Lundquist v. Eisenmann

290 P. 277, 87 Colo. 584, 1930 Colo. LEXIS 270
CourtSupreme Court of Colorado
DecidedJune 30, 1930
DocketNo. 12,267.
StatusPublished
Cited by9 cases

This text of 290 P. 277 (Lundquist v. Eisenmann) is published on Counsel Stack Legal Research, covering Supreme Court of Colorado primary law. Counsel Stack provides free access to over 12 million legal documents including statutes, case law, regulations, and constitutions.

Bluebook
Lundquist v. Eisenmann, 290 P. 277, 87 Colo. 584, 1930 Colo. LEXIS 270 (Colo. 1930).

Opinion

Mr. Justice Campbell

delivered the opinion of the court.

Plaintiee Eisenmann is the record owner of lots 40 and 41 in block 12 of Lake Avenue Addition, former town of Bessemer, now a part of the city of Pueblo. Each lot in the block, according to the original recorded plat of the property, is supposed to have a frontage of 25 feet. Defendant Lundquist is the record owner of lots 39, 38 and 37 in the same block, which lots lie immediately to the south of plaintiff’s lot 40 and in the order above designated. This action by the plaintiff is to recover from, the defendant possession of a strip of land 8 feet in width off of the south side of lot 40 extending the entire depth of the lot from the street line and back to the alley at the rear, which strip of land the plaintiff says has been *586 wrongfully taken possession of and now is withheld by the defendant. Plaintiff claims ownership of this disputed strip as part of his lot 40, and the defendant asserts title thereto as a part of her lot 39. There is an admitted shortage in block 12 to the extent of 10 feet in width. The trial court, upon evidence that is not in serious dispute upon the essential and controlling facts, found in favor of the plaintiff’s claim and rendered judgment in his favor for possession of the disputed 8-foot strip of land, together with damages sustained by him as the result of the defendant’s unlawfully taking possession thereof, and also for other injuries inflicted.

Upon this review the discussion, particularly by counsel for the defendant, has taken a wide range.
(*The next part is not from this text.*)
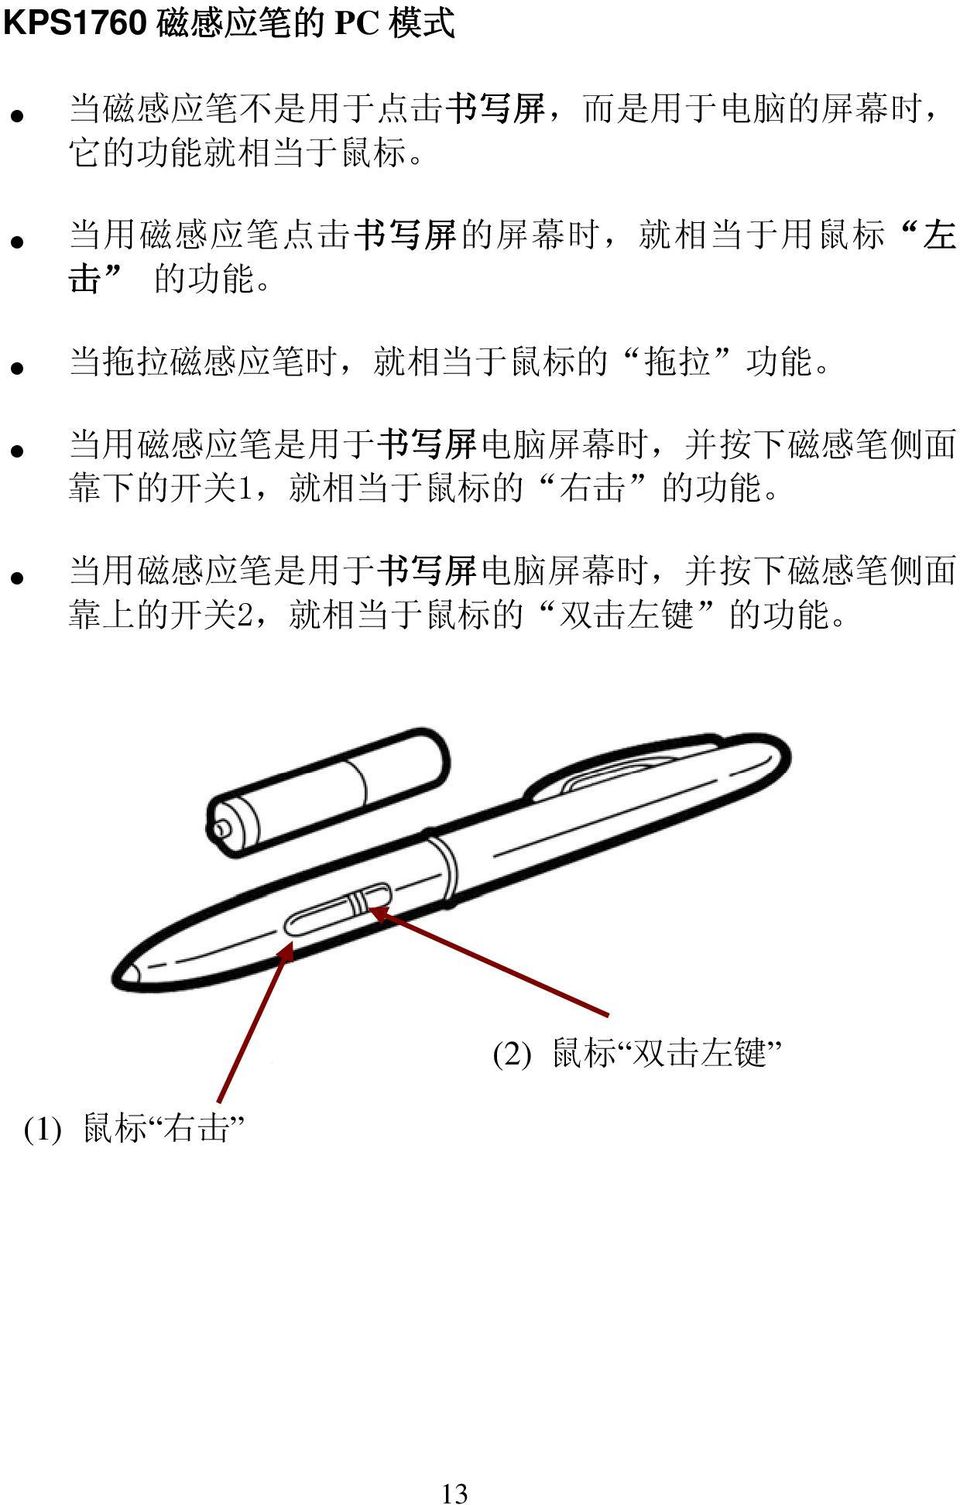 笔 是 用 于 书 写 屏 电 脑 屏 幕 时, 并 按 下 磁 感 笔 侧 面 靠 下 的 开 关 1, 就 相 当 于 鼠 标 的 右 击 的 功 能 当 用 磁 感 应 笔 是 用 于 书 写

The trial court found the facts generally in favor of the plaintiff. It also specifically found that the plaintiff purchased lots 40 and 41 on June 16, 1902. The block was then unoccupied and was vacant land. At the time of the purchase the plaintiff caused the lots to be surveyed by the city surveyor, and later staked and enclosed the lots with a solid board fence on the lines of the survey. The same year he erected a dwelling house on the premises, in which he has ever since continuously resided. He also laid a concrete sidewalk the entire width of the lots, which has ever since remained in place. In 1902, the year of his purchase, plaintiff planted trees within 5 feet of the south boundary line of lot 40, which was established by the official survey, planted the entire width of the enclosed property in lawn, built a solid board fence and outhouses across the rear, and has continuously maintained all of such improvements ever since,- and also ever since 1902 has paid all of the taxes legally assessed against lots 40 and 41.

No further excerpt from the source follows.